Work to begin so new carriers can enter Portsmouth 3 November 2011
"MAJOR works to prepare Portsmouth Harbour for the arrival of the Royal Navy’s biggest ever ships will start in the coming weeks.
The first of two 65,000-tonne aircraft carriers being built for the navy is due to arrive in Portsmouth in 2016. The second will be here in 2018.
But areas of the harbour will need to be made 3ft deeper to accommodate the huge £6bn ships before they can come to the city.
Preparatory work, which involves drilling 400 holes in the Solent sea bed, will begin next month ahead of a major dredging programme in 2014.
It comes after the Ministry of Defence signed a £5m deal to start environmental impact studies for the £120m project.
Portsmouth Naval Base commander, Commodore Tony Radakin, told The News: ‘This has been talked about for years and years, but Portsmouth Naval Base is now spending money for the first time in preparation for the new carriers coming in.
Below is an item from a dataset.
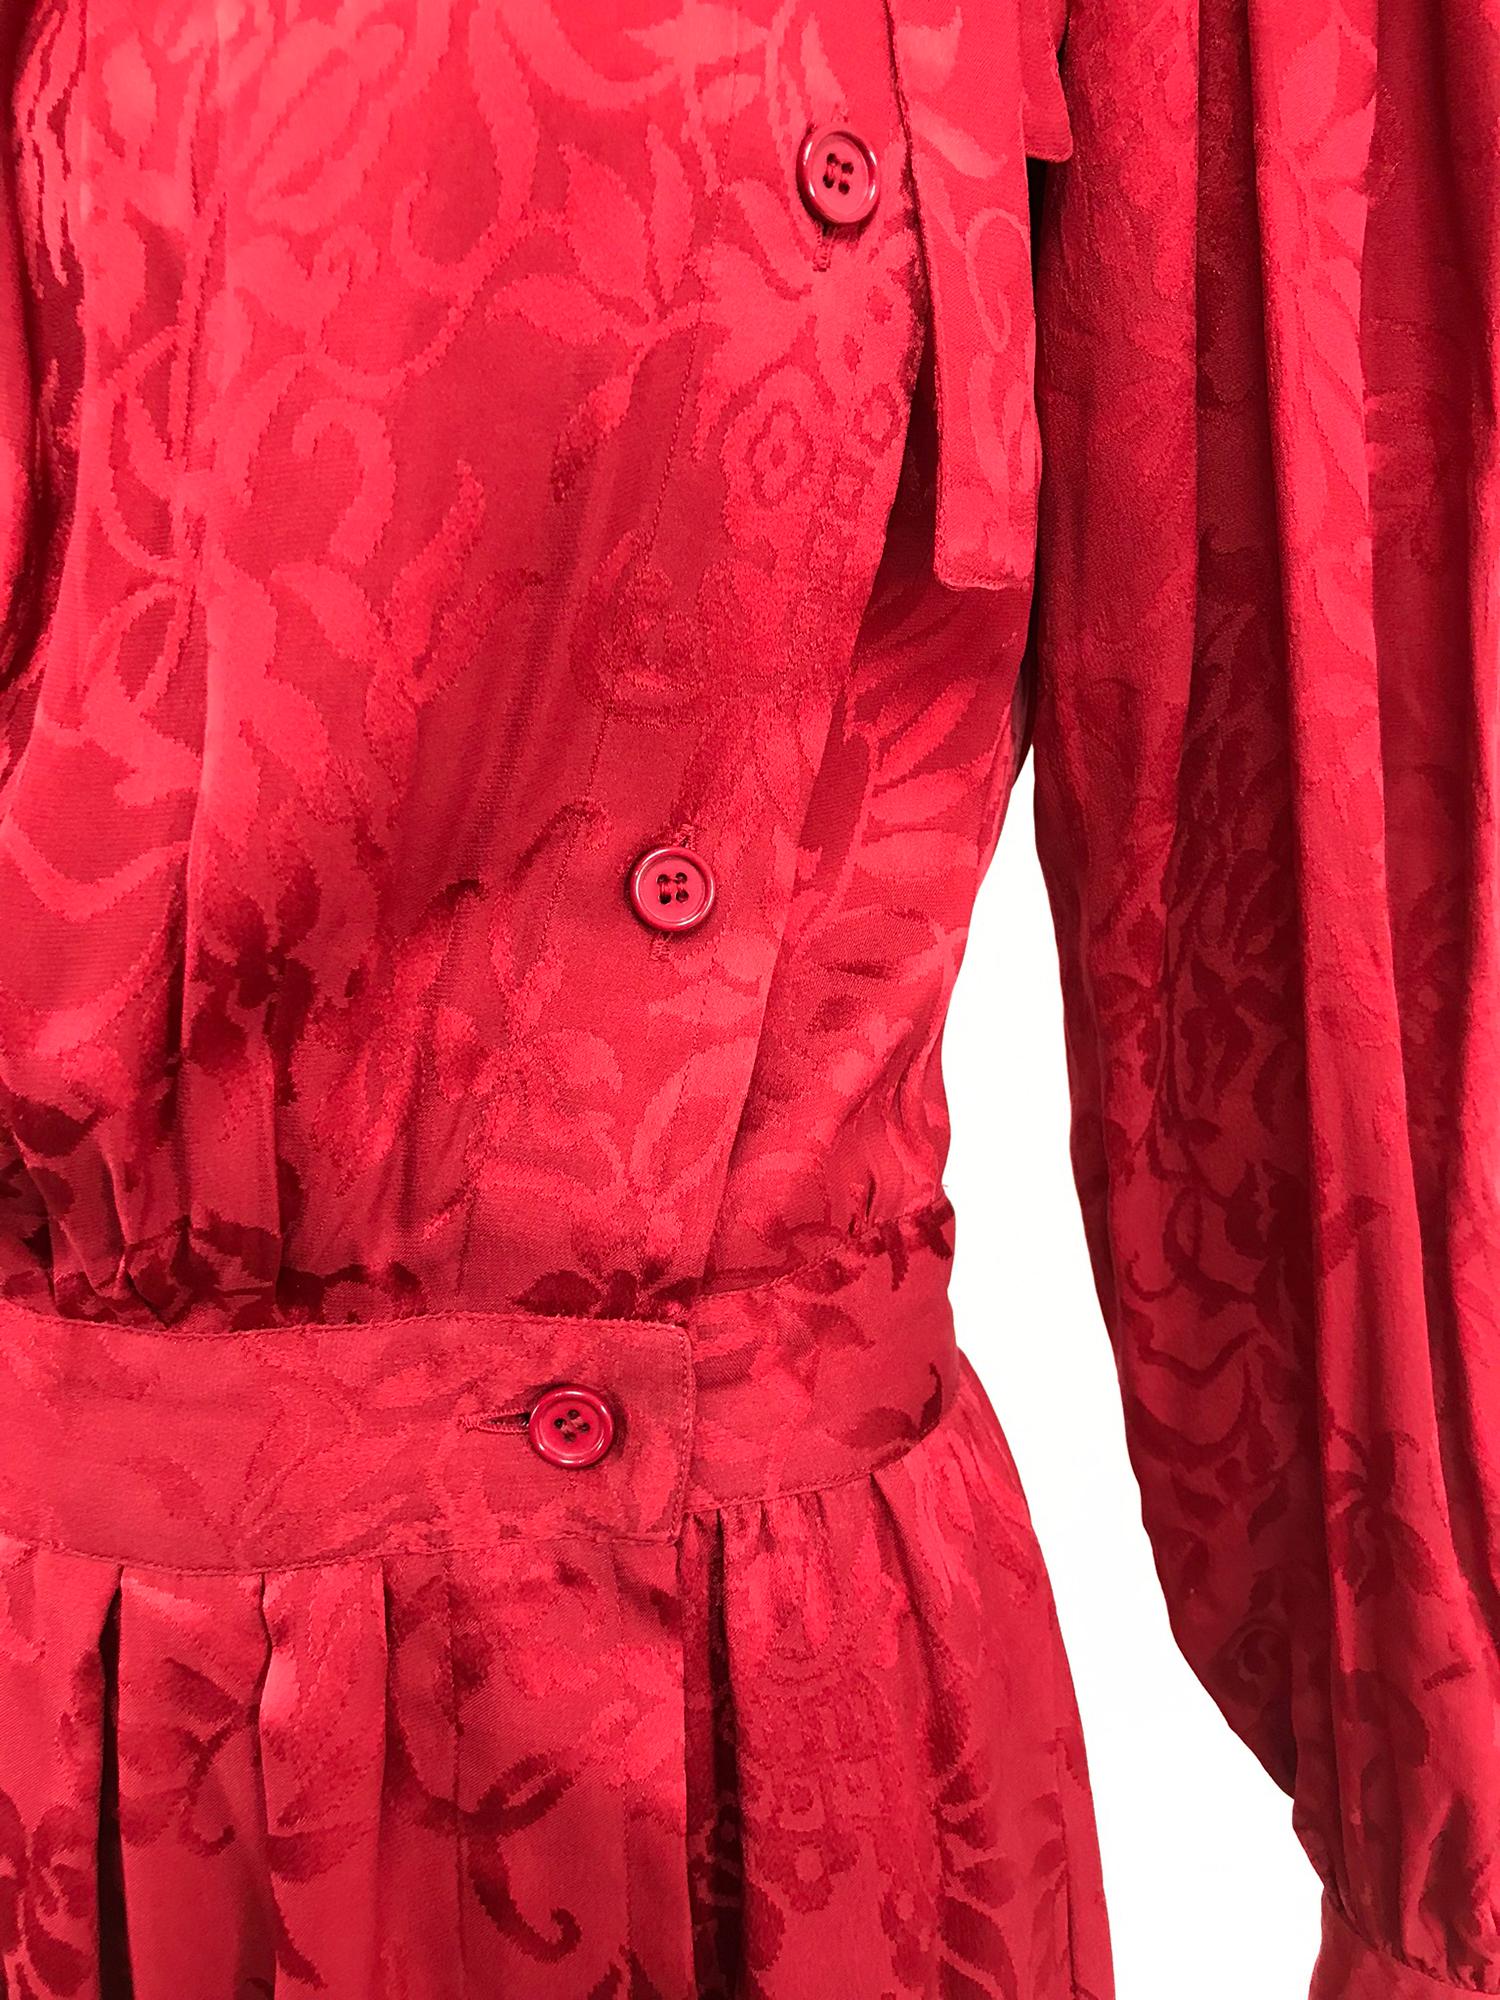 Rouge Yves Saint Laurent - Robe en jacquard de soie rouge avec nœud papillon, années 1970

‘We are now on that path, and it’s a physical path, for the first new ship to come here in 2016. It’s hugely exciting.
‘We are talking about ships three or four times the size of the navy’s last carriers.
‘We need to dredge an additional 1m deeper down – that’s a lot of dredging that needs to be done.
‘However, to do that there’s lots of environmental work that needs to be done first.’
More than 400 boreholes will be drilled in the harbour during the next 12 months.
Cdre Radakin, who took over from Cdre Rob Thompson as head of the naval base last month, said: ‘We will be taking samples in order to understand what it is we are dredging. Then we can decide what we are going to do with it – whether we sell it as gravel or if it’s mud whether we can move it from one part of the Solent to another part.’
Once the drilling and environmental impact studies are completed, it is planned that engineers can begin dredging the harbour in 2014.
The dredging project, which will cost £120m in total, will be finished in time for the arrival of the first supercarrier, HMS Queen Elizabeth, in 2016.
At the same time as the dredging, hundreds of thousands of pounds will be spent on reinforcing the jetties in Portsmouth Naval Base so they can cope with the weight of the carriers when they are tied up alongside in the base."